839: Add support for reference geometry for geo questions by lindsay-stevens · Pull Request #847 · XLSForm/pyxform

lindsay-stevens · 2026-06-17T14:35:04Z

Closes #839

Why is this the best possible solution? Were any other approaches considered?

Initial pass for feedback
Includes refactoring to clarify existing nodeset generation

What are the regression risks?

The refactoring may have missed some usage pattern that is not currently in the test suite.

Does this change require updates to documentation? If so, please file an issue here and include the link below.

Spec updates TBC getodk/xforms-spec#343 but outline in linked forum post.

Before submitting this PR, please make sure you have:

included test cases for core behavior and edge cases in tests
run python -m unittest and verified all tests pass
run ruff format pyxform tests and ruff check pyxform tests to lint code
verified that any code or assets from external sources are properly credited in comments

- range.py: - pv.validate doesn't change anything so remove assignment. - question.py already processes all attributes in control dict so put the parameters for that location in there. Still useful to have the parsed parameters available separately though. - parameters.py - change signature since validator doesn't change input. - question.py - refactor MultipleChoiceQuestion.build_xml into steps that correspond to the supported options, in a way that can be selectively reused depending on what the itemset use case supports. - simplify RangeQuestion to: - not re-apply parameter attributes already set via control dict. - use the itemset helper to try only internal choices since that seemed to be the intent of the previous code. - remove bind type check since this is set internally, or alternatively if it is user-modifiable then it should be checked earlier and/or have tests added.

- builder.py: - use the presence of just "itemset" as a way to trigger pulling in the choices info, rather than needing to attach choices as well which are ignored in that case anyway. - range.py: - use the above change to simplify the feature signal for the itemset. - question.py - use the pattern in _build_itemset_instance a fall-through default rather than trying to proactively select whether it's needed. - fold the itemset node functionality into a question subclass since that seems a bit neater than using a helper class, and also allows sharing the common __init__ code.

- for geopoint, geoshape, and geotrace, add a parameter 'reference-geo' which accepts a choices list_name, an entities list_name, a reference variable containing the name of a repeat, or the name of an attached CSV file. The parameter value is used to build an itemset node that references source data instance, optionally with a choice_filter.

lognaturel

Thanks so much! Folks have been trying out the beta implementation in Collect and are loving this functionality.

I know this isn't your favorite spec but I like how you've introduced a layer in the question hierarchy for itemset-capable question types, it makes a lot of sense and led to some useful cleanup.
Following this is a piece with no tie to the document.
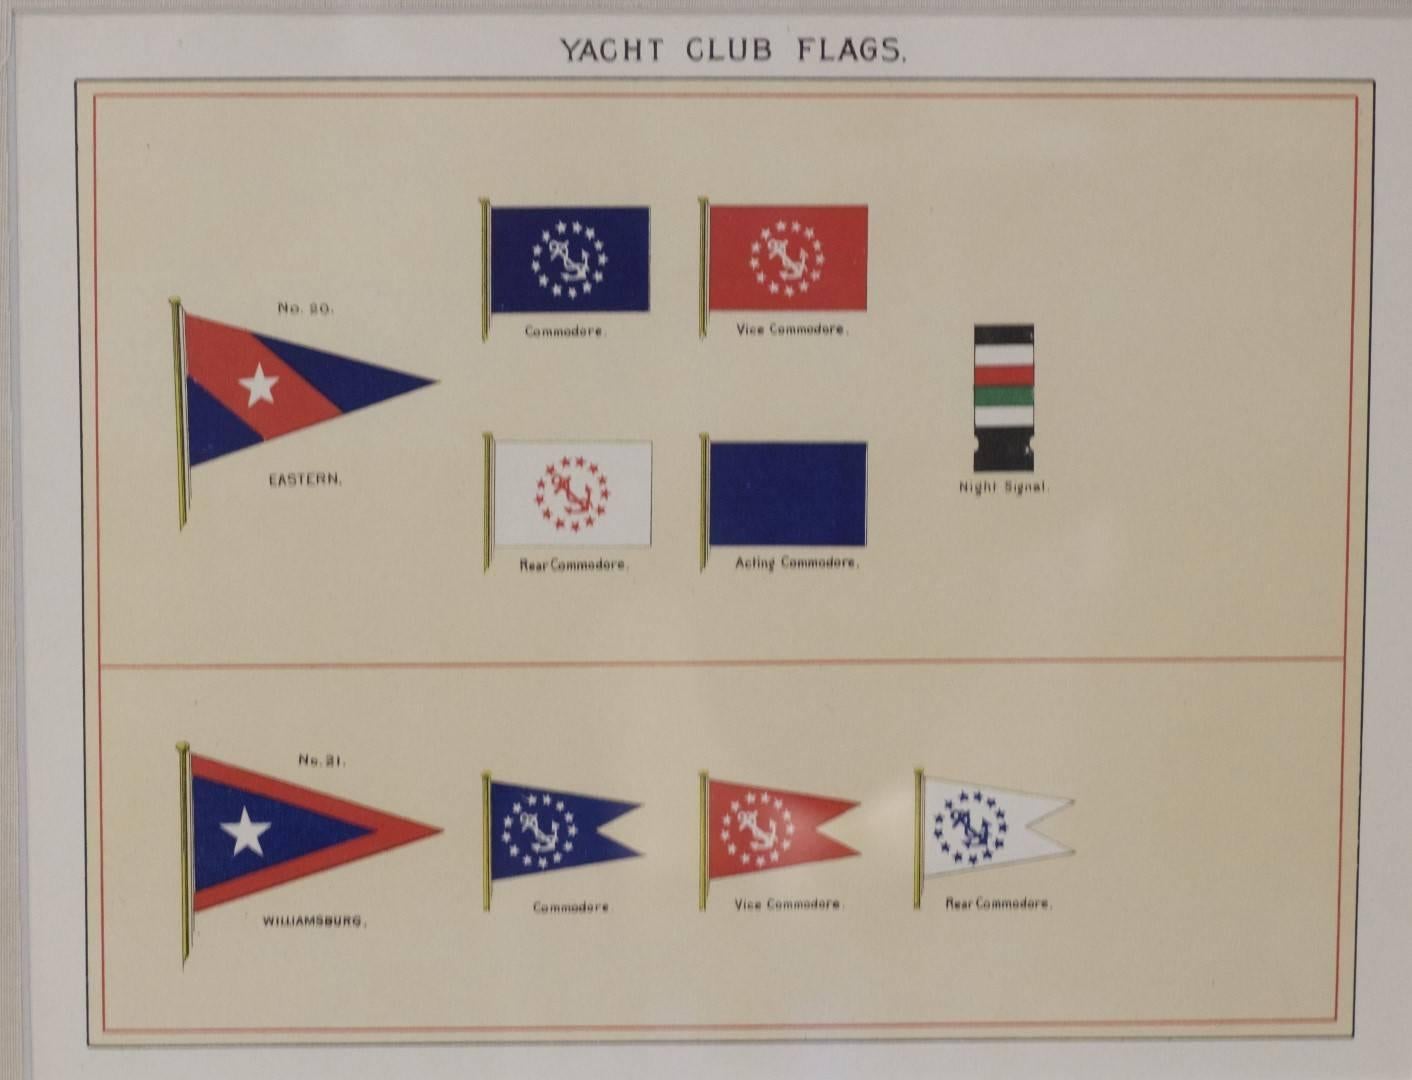 Framed print showing the private signals of yacht owners on linen matting. Dimensions: 13

Details below, the main things are:

parameter name should be reference-geometry
any external secondary instance should be supported, regardless of the filename extension
let's drop support for the special itemsets.csv if it's practical

lognaturel · 2026-06-17T20:16:43Z

    trigger_references: list[tuple[str, int]] = []
-    repeat_names = set()
+    geo_references: list[tuple[str, int]] = []
+    csv_sources: set[str] = set()


It could also be XML or geojson sources -- any named secondary instance -- whether it's internal or external or what the file format is shouldn't matter.

I thought pyxform would have a way to list these but now that I think about it we don't validate the parameter to instance calls or anything like that, do we? Can we rely on the code that outputs all the instance declarations by any chance?

Updated validation and test cases to allow all external instance file types in 7b1799b. Since it became a bit lengthy I put some follow-up questions on scope in this comment.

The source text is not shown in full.